Время стояло летнее, самое раннее лето. Ехал проселком вольный ямщик, вез в телеге, на тройке, проезжающего. Шла дорога полем, шла лугами да оврагами, и пришла дорога к лесу. Стали в лес въезжать. Дело было к вечеру.
— Далекo’, что ли? — спросил проезжающий.
— Недалёко.
— А как?
— Да вовсе близко. Вот из лесу выедем, тут она и есть. Ямщик остановил лошадей, слез, походил вокруг телеги, подтянул чересседельник, дугу покачнул, опять сел и, вытаскивая из-под себя вожжи, крикнул лошадям:
— Но! Недалёко!
Телега запрыгала по корням, в воздухе вдруг почудилась сырая, пахучая свежесть. Проезжающий снял картуз, вытер лицо платком и начал пристальнее всматриваться вперед.
Сквозь жидкий дубняк и орешник беспрестанно то там, то сям проскакивали лучи покрасневшего солнца, по верхушкам птицы порхали. Лес заредел, стал все мельче да мельче, солнце разом выглянуло над кустарником, лошади круто повернули вправо, и вдруг телега очутилась на самом краю страшного обрыва, по которому вилась змеей дорога, вся изрытая, избитая и усыпанная мелкими камнями. Лошади стали…
С этого места видно верст на двадцать. Внизу, под самым обрывом — река, вся усеянная островами. Течет эта река из зеленых лугов, густо заросших мелким курчавым кустарником, извивается и прячется она в камышах, и опять сверкает вдали, и наконец совсем пропадает за далекими синими озерами. На другом берегу реки расстилаются сенокосы, хлебные поля и деревни. Ближе, поправее, село, вытянутое к церкви, с обеих сторон обсаженное садами, огородами, гумнами и старыми, почерневшими скирдами. Направо, в саду, на пригорке помещичий дом. В самом низу под горою шумит водяная мельница.

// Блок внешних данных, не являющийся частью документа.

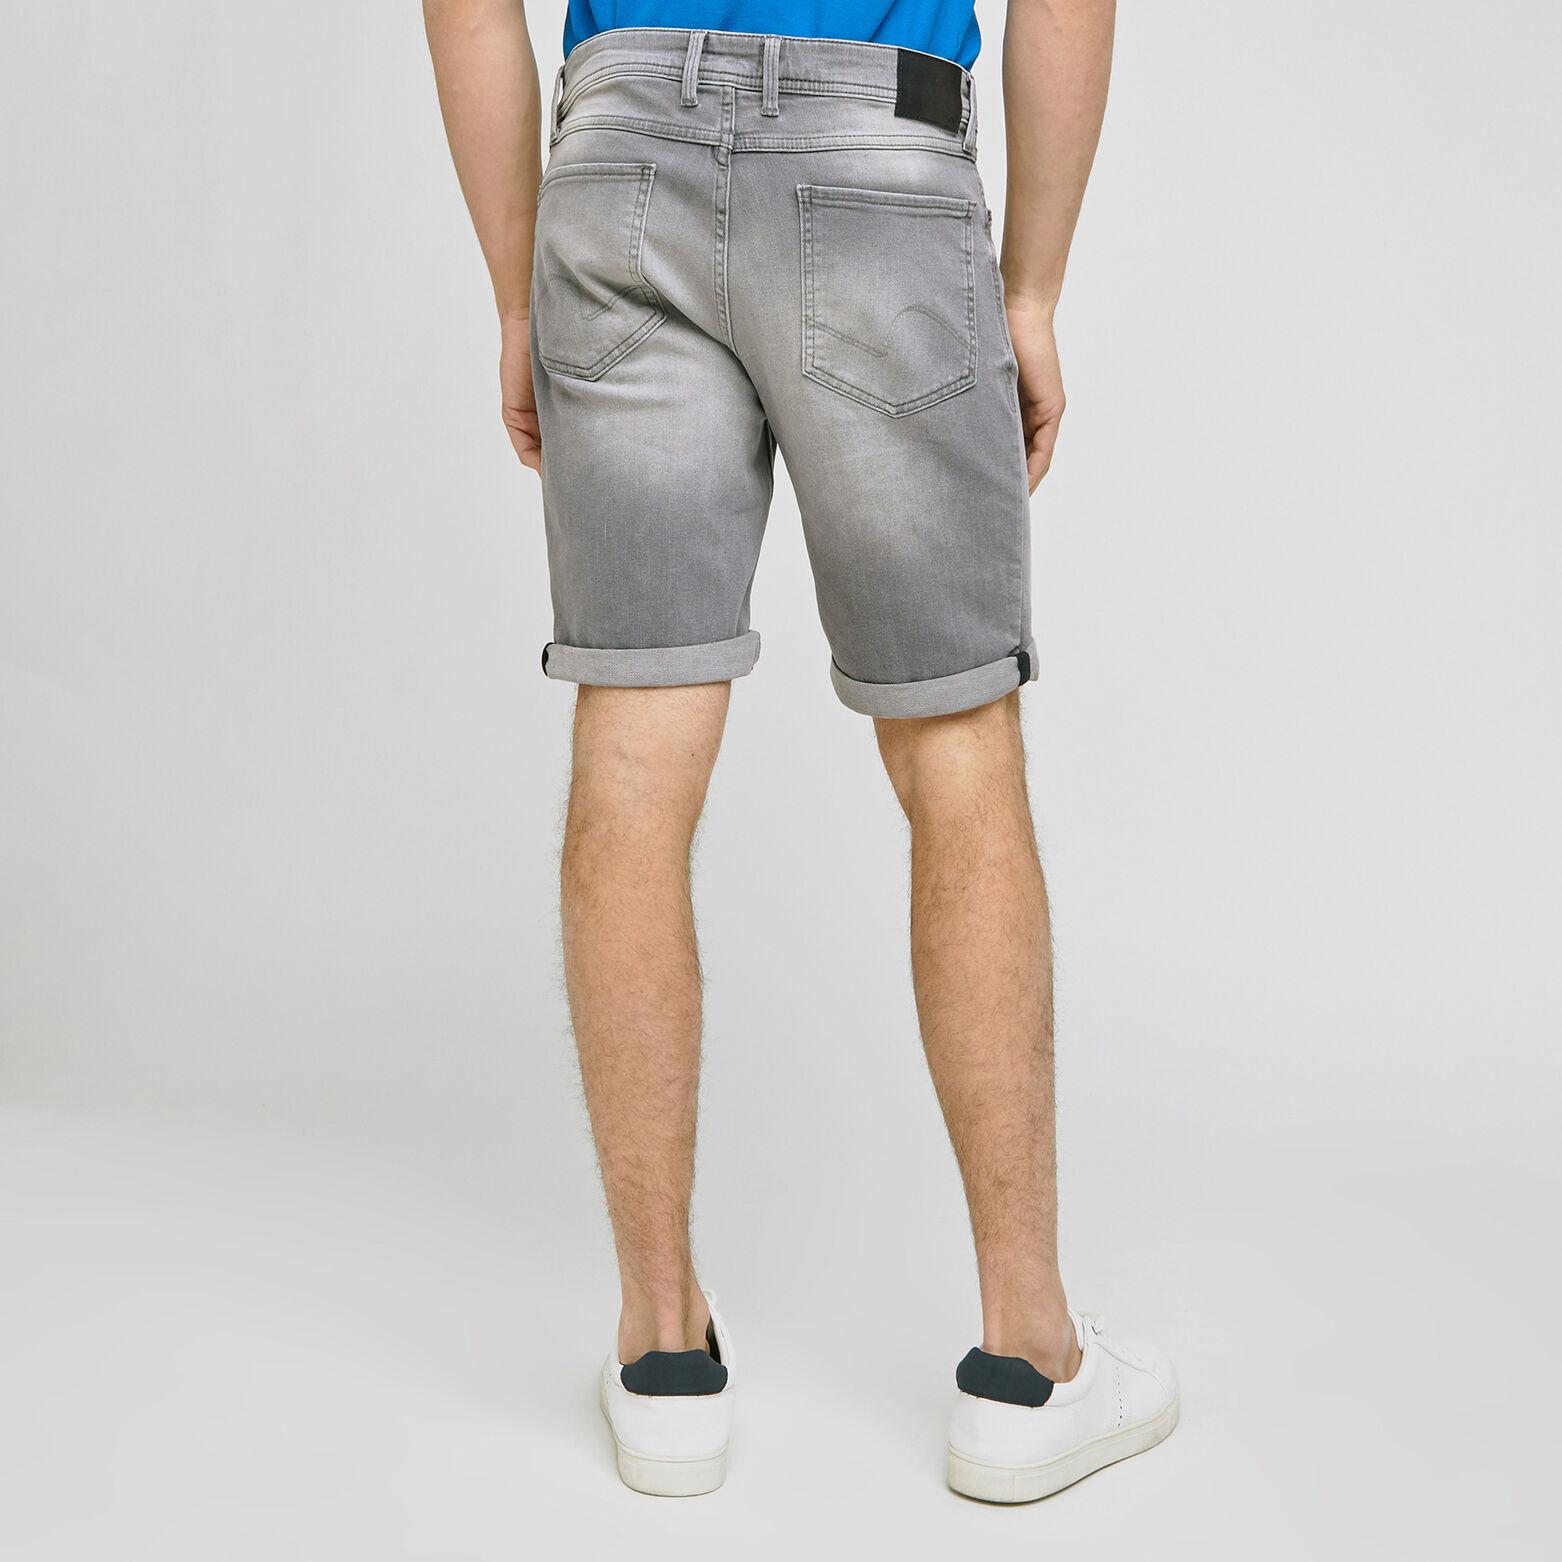 Bermuda 5 poches denim gris

— Экое место! — Вслух сказал проезжающий.
— Место потное, — от себя заметил ямщик. — Годом бывает, сен? родятся богатые, — прибавил он немного погодя и стал спускать, приговаривая лошадям:
— Гляди небось!
Проезжающий осматривал местность, лошади скользили и оступались, ямщик, не оборачиваясь, спросил:
— Сродственники будете Лександру Васильичу-то?
— Нет.
— Так, значится, в гости побывать?
— Да, в гости.
— Доброе дело. Служите де, ай нет?
— Нет, не служу.
Ямщик оглянулся.
— Кто ж вы будете сами-то?
— Попов сын.
— Мм. Да, да, да.
Ямщик помолчал, потом сказал в раздумье:
— А и много тоже ноне вашего брата, кутейников-то 1 .
— Довольно.
— Довольно, довольно, — покачивая головою, говорил ямщик.
— Ну, и что же теперя, братец ты мой, в писаря, что ли, задумал к ям? Проситься?
— Нет, так, по своему делу.
— Да, по свому делу… Но! Дьяволы! Пропасти на вас нет! Ту, ту, ту!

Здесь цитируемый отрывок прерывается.